[What is needed]
Below are the entries; return exactly the line with "Стоит ли покупать приставку Apple TV 4K 2021" and every later line, without anything else.

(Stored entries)
==================================================

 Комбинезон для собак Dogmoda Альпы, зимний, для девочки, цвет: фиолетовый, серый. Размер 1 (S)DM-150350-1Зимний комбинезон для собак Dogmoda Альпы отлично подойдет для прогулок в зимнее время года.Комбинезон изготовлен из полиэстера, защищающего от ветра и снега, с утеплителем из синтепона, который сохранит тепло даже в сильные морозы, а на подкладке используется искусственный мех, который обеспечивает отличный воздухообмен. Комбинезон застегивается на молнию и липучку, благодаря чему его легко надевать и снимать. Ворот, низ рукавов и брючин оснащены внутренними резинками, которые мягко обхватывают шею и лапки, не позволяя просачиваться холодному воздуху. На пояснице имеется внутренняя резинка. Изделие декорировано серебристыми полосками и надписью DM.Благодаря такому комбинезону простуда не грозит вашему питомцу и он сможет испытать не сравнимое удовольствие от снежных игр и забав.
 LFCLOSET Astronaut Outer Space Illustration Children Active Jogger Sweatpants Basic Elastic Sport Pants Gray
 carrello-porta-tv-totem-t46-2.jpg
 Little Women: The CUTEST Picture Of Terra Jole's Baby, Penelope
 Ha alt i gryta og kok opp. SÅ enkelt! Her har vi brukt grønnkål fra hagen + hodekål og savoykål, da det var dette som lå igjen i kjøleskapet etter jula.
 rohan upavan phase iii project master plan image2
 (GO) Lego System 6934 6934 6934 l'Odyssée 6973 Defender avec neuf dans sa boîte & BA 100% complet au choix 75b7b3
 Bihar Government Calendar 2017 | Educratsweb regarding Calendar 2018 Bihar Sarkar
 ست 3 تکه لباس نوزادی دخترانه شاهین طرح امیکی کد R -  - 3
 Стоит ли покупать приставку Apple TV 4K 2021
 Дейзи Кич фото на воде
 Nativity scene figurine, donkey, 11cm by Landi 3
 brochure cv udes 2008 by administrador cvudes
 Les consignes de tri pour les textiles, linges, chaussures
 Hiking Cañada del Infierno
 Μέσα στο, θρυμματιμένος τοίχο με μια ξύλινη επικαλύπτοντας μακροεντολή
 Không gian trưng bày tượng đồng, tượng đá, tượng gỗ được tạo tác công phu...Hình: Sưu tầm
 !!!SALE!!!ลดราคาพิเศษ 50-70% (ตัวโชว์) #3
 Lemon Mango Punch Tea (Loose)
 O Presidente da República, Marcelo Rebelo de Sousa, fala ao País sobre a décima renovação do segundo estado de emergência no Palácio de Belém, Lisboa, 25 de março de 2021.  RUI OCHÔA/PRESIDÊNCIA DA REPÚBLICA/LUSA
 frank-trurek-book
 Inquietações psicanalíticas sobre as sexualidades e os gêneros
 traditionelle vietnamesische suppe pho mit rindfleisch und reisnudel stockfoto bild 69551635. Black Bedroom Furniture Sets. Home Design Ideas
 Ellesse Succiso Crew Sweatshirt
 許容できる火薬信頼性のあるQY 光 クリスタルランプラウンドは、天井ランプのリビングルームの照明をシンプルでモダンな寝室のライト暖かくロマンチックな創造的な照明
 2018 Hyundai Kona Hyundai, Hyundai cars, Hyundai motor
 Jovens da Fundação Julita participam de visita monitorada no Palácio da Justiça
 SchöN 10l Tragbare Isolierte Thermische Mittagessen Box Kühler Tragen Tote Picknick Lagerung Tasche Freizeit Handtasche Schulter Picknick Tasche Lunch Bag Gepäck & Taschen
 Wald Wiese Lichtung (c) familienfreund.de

==================================================

[Output for this task]
 Стоит ли покупать приставку Apple TV 4K 2021
 Дейзи Кич фото на воде
 Nativity scene figurine, donkey, 11cm by Landi 3
 brochure cv udes 2008 by administrador cvudes
 Les consignes de tri pour les textiles, linges, chaussures
 Hiking Cañada del Infierno
 Μέσα στο, θρυμματιμένος τοίχο με μια ξύλινη επικαλύπτοντας μακροεντολή
 Không gian trưng bày tượng đồng, tượng đá, tượng gỗ được tạo tác công phu...Hình: Sưu tầm
 !!!SALE!!!ลดราคาพิเศษ 50-70% (ตัวโชว์) #3
 Lemon Mango Punch Tea (Loose)
 O Presidente da República, Marcelo Rebelo de Sousa, fala ao País sobre a décima renovação do segundo estado de emergência no Palácio de Belém, Lisboa, 25 de março de 2021.  RUI OCHÔA/PRESIDÊNCIA DA REPÚBLICA/LUSA
 frank-trurek-book
 Inquietações psicanalíticas sobre as sexualidades e os gêneros
 traditionelle vietnamesische suppe pho mit rindfleisch und reisnudel stockfoto bild 69551635. Black Bedroom Furniture Sets. Home Design Ideas
 Ellesse Succiso Crew Sweatshirt
 許容できる火薬信頼性のあるQY 光 クリスタルランプラウンドは、天井ランプのリビングルームの照明をシンプルでモダンな寝室のライト暖かくロマンチックな創造的な照明
 2018 Hyundai Kona Hyundai, Hyundai cars, Hyundai motor
 Jovens da Fundação Julita participam de visita monitorada no Palácio da Justiça
 SchöN 10l Tragbare Isolierte Thermische Mittagessen Box Kühler Tragen Tote Picknick Lagerung Tasche Freizeit Handtasche Schulter Picknick Tasche Lunch Bag Gepäck & Taschen
 Wald Wiese Lichtung (c) familienfreund.de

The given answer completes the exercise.